Авторы
предыдущая
статья

следующая
статья

18.02.2010 | Колонка

Один раз увидеть

Из не вошедшего в книгу «Осторожно, треножник!» (М.: «Время», 2010)

Узнав, что мы едем в Питер, Дима Быков загорелся отправиться с нами – ради вечера Каравайчука. Но раздумал, когда выяснилось, что сам маэстро играть не будет, а просто покажут известные записи, которые он уже видел. Нам же наказал обязательно пойти и по телефону устроил приглашение.

Каравайчука я заочно почитал за «Марш оловянных солдатиков» из фильма «Монолог» (1972) и общую репутацию неконвенционального гения. Но ничего, кроме «Марша», раньше не слышал. Так что его неучастие меня не останавливало: я готов был удовольствоваться видео.

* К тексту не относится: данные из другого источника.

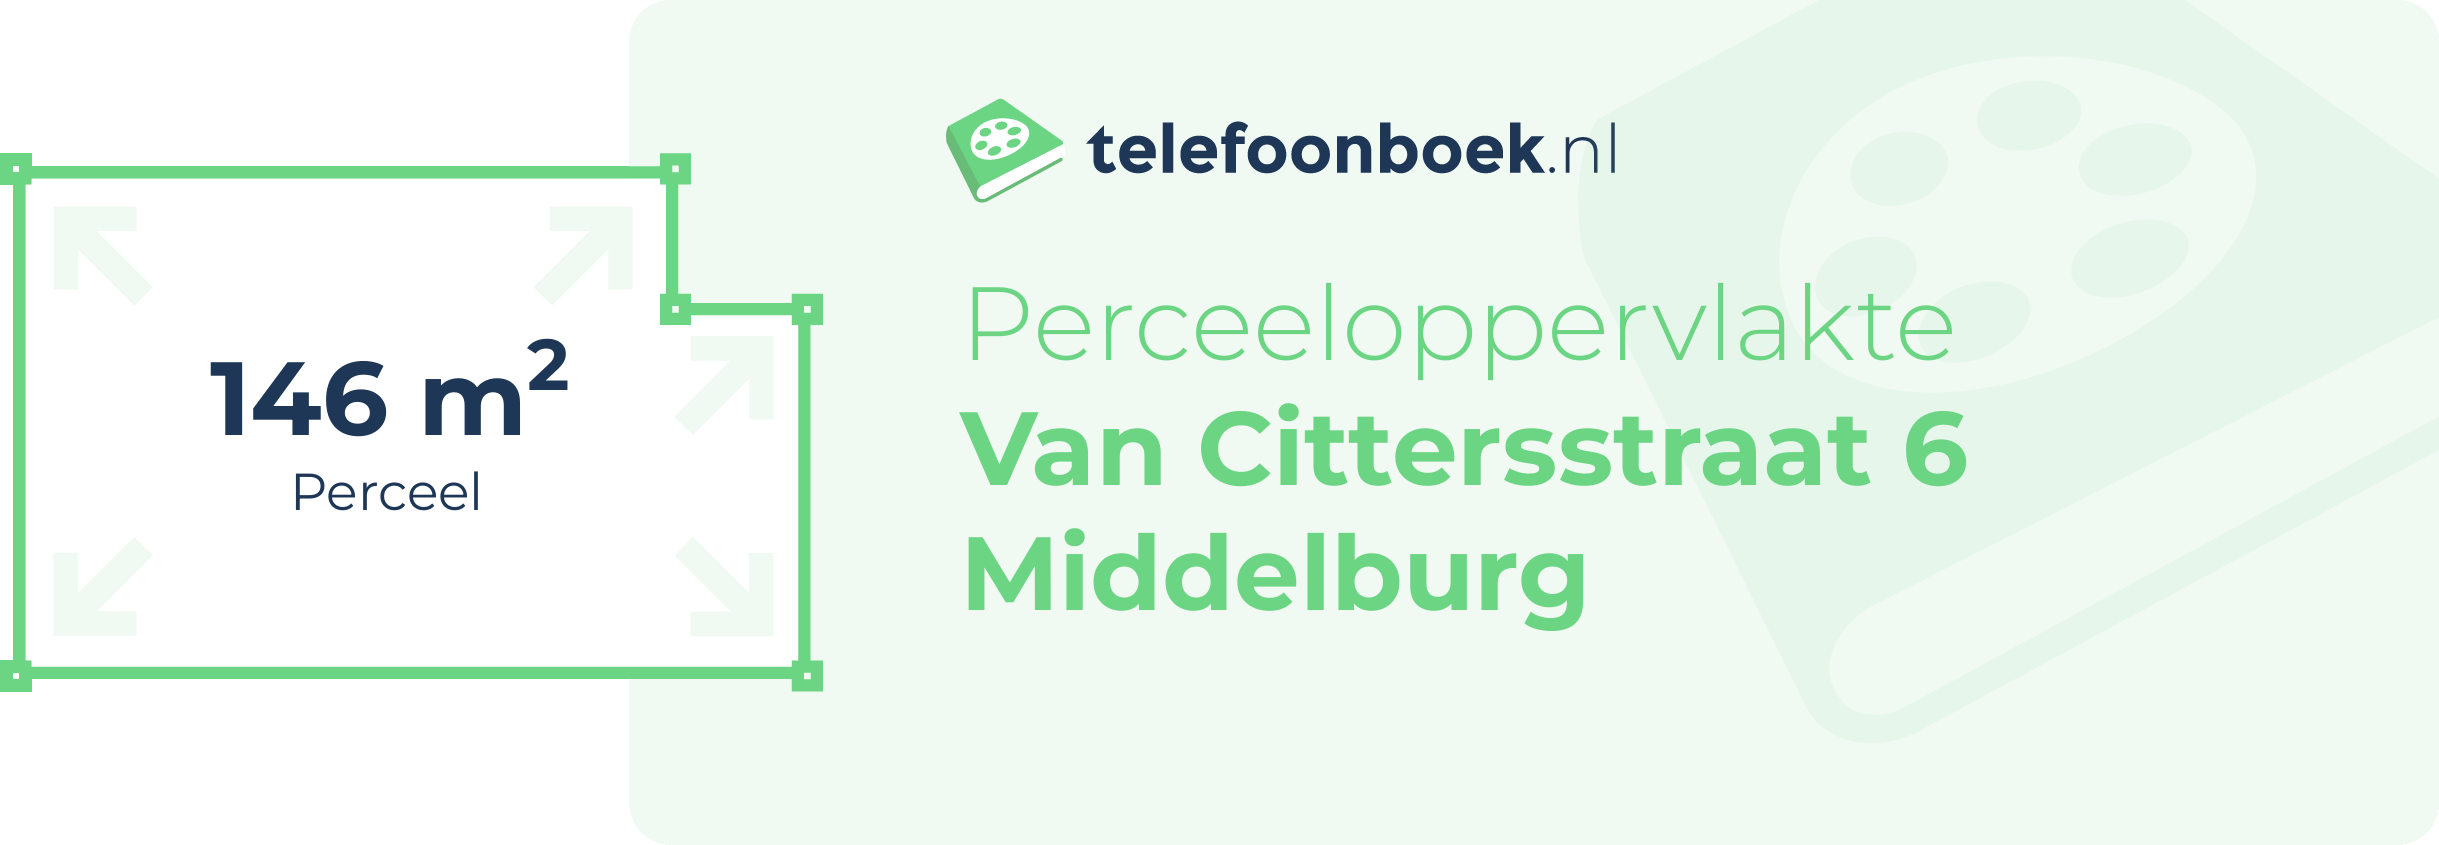 Perceeloppervlakte Van Cittersstraat 6 Middelburg

В Питер мы приехали утром, весь день провели в бегах, к назначенному времени едва поспели, притащившись по жаре, и в небольшой зал вошли, когда свет был уже погашен, а места в основном заняты. Лада скромно присела где-то сзади, а я, увидав, что первый ряд, видимо, отведенный для почетных гостей, пуст, хотел было этим воспользоваться, но при попытке обогнуть загораживавший дорогу проектор был остановлен окриком нелепой старухи в коричневом берете из второго ряда. Высоким голосом она проканючила: «Нет, нет, в первый ряд нельзя, туда не садиться, нет, нет, это первый ряд...» и еще что-то невразумительное про звук. Этот скандальный выпад, ожививший давние советские воспоминания, вроде бы, диссонировал с атмосферой элитной тусовки, но его авторитетность не вызывала сомнений – старуха говорила, как власть имеющая, и я, подумав, что это, наверно, кто-нибудь из родственников композитора  или хозяев помещения, покорно ретировался и устроился на какой-то миниатюрной табуретке.

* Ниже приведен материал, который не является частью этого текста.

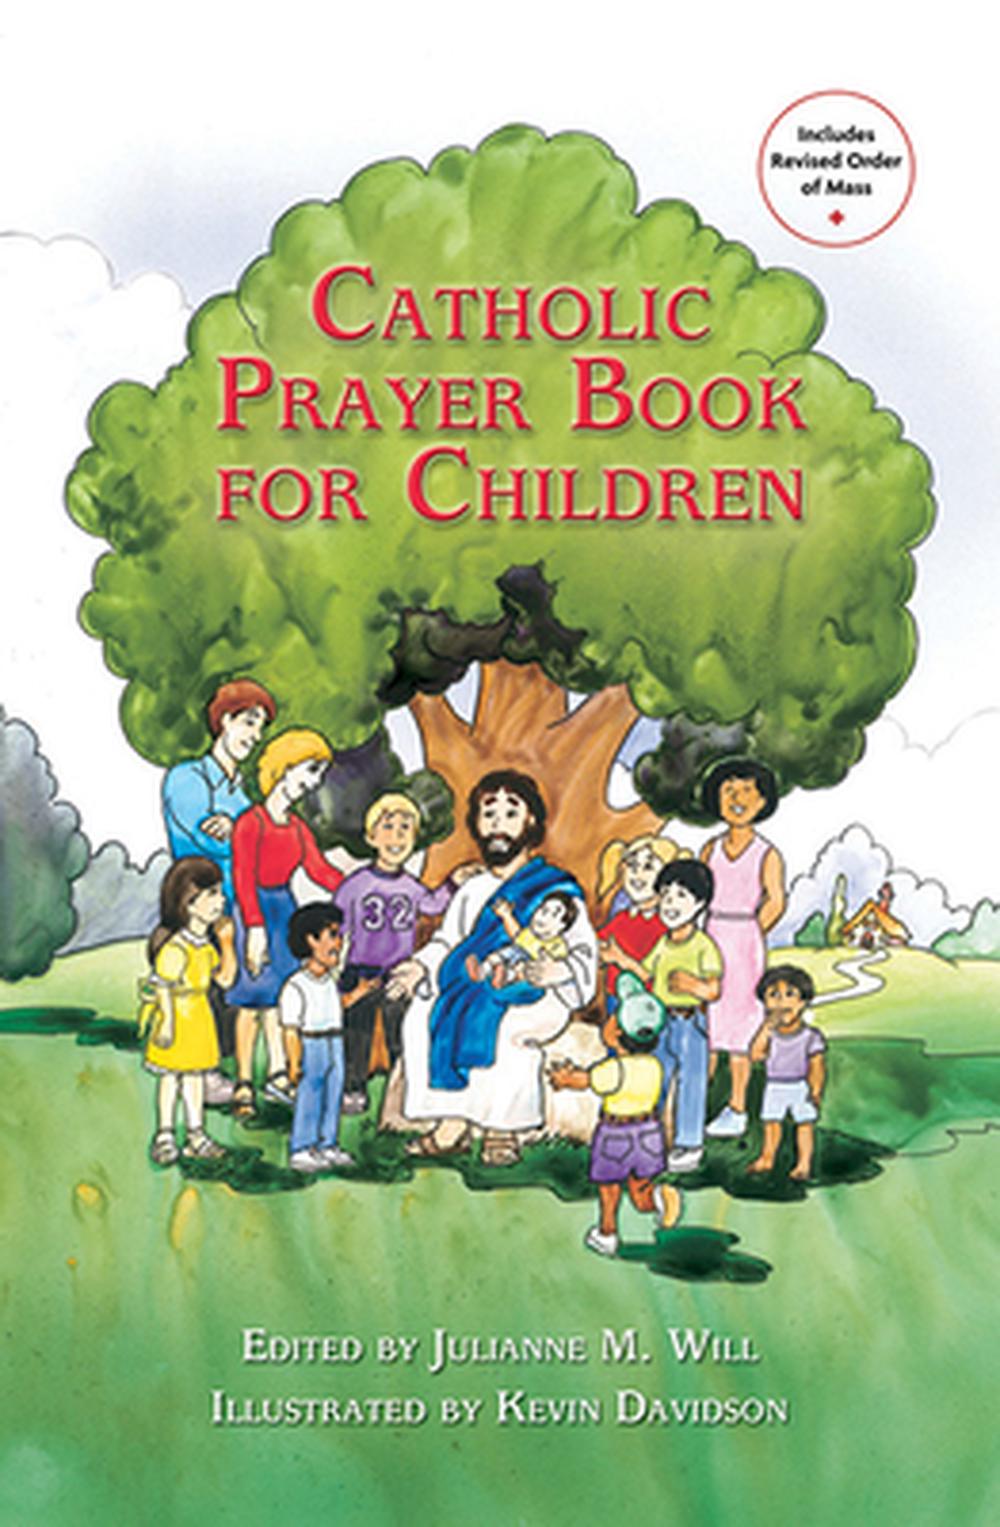 catholic-prayer-book-for-children-by-julianne-m-will-english

В результате, я лишь вполуха слушал вступительное слово организатора, впрочем, довольно краткое, сводившееся к напоминанию о гениальности Олега Николаевича и сообщению, что запись, которую нам продемонстрируют, особо замечательна тем, что  сделана она была в самой что ни на есть цитадели высоколобого академизма, не то в Таврическом дворце, не то в Эрмитаже. Затем на экране появилось изображение и зазвучала музыка.

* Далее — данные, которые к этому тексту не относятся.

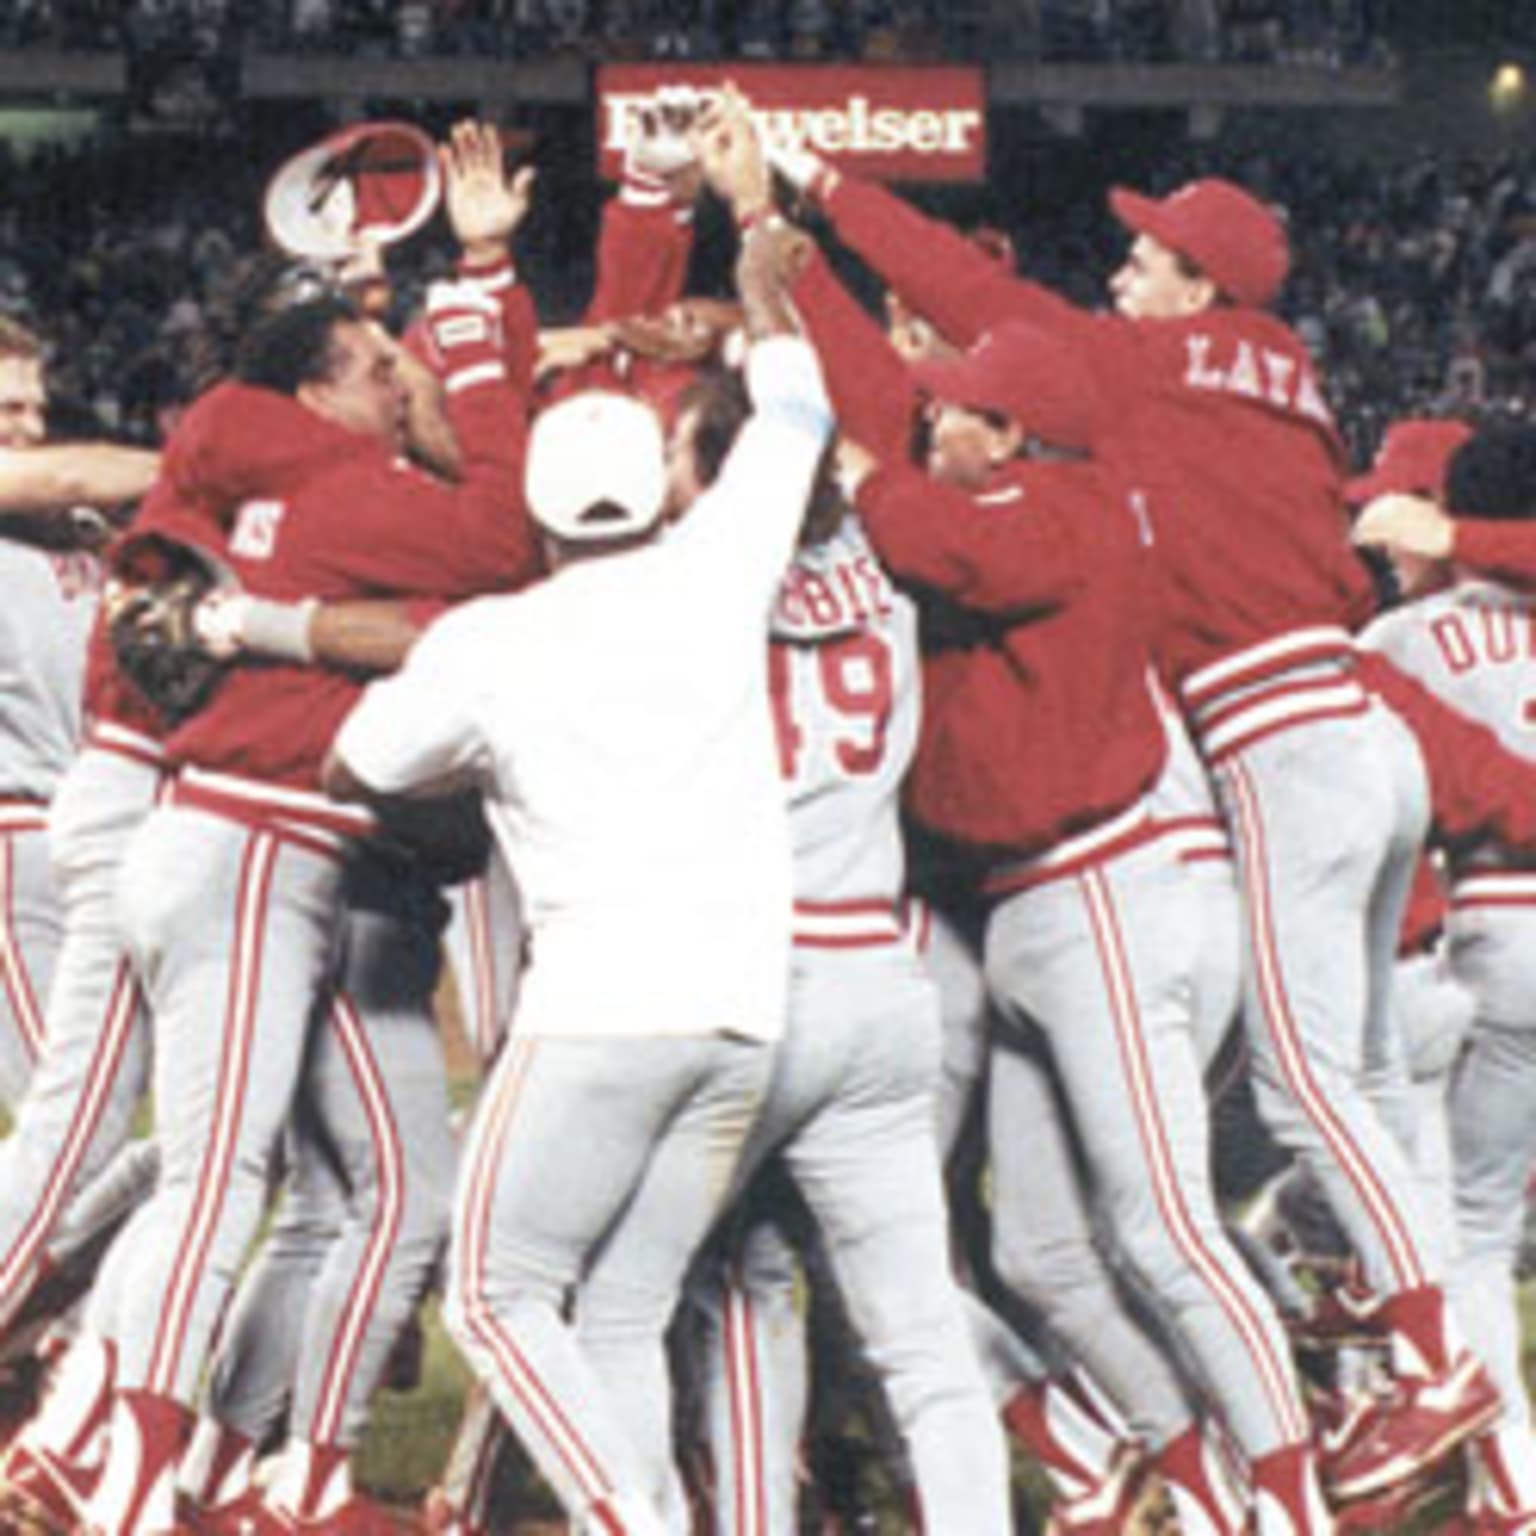 1990 Cincinnati Reds postseason highlights HD

Качество звука оставляло желать лучшего, он плыл и дребезжал, зато изображение впечатляло, являя крупный план фортепианной клавиатуры и неистово ударявших по ней могучих рук пианиста. Кроме рук, видна была и часть туловища, облаченная в буроватый  бумажный свитер, но расположенная не вертикально, а горизонтально; голова же вообще оставалась за кадром. Это был старательно срежиссированный сеанс двойной игры вслепую: лежачий исполнитель не видел клавиш, а озадаченные зрители -- лица исполнителя (вместо которого в памяти всплывала пьяная физиономия Моцарта, откалывающего подобные трюки в «Амадеусе»). Так или иначе, тема слепоты была задана -- и тут же мной отрефлектирована.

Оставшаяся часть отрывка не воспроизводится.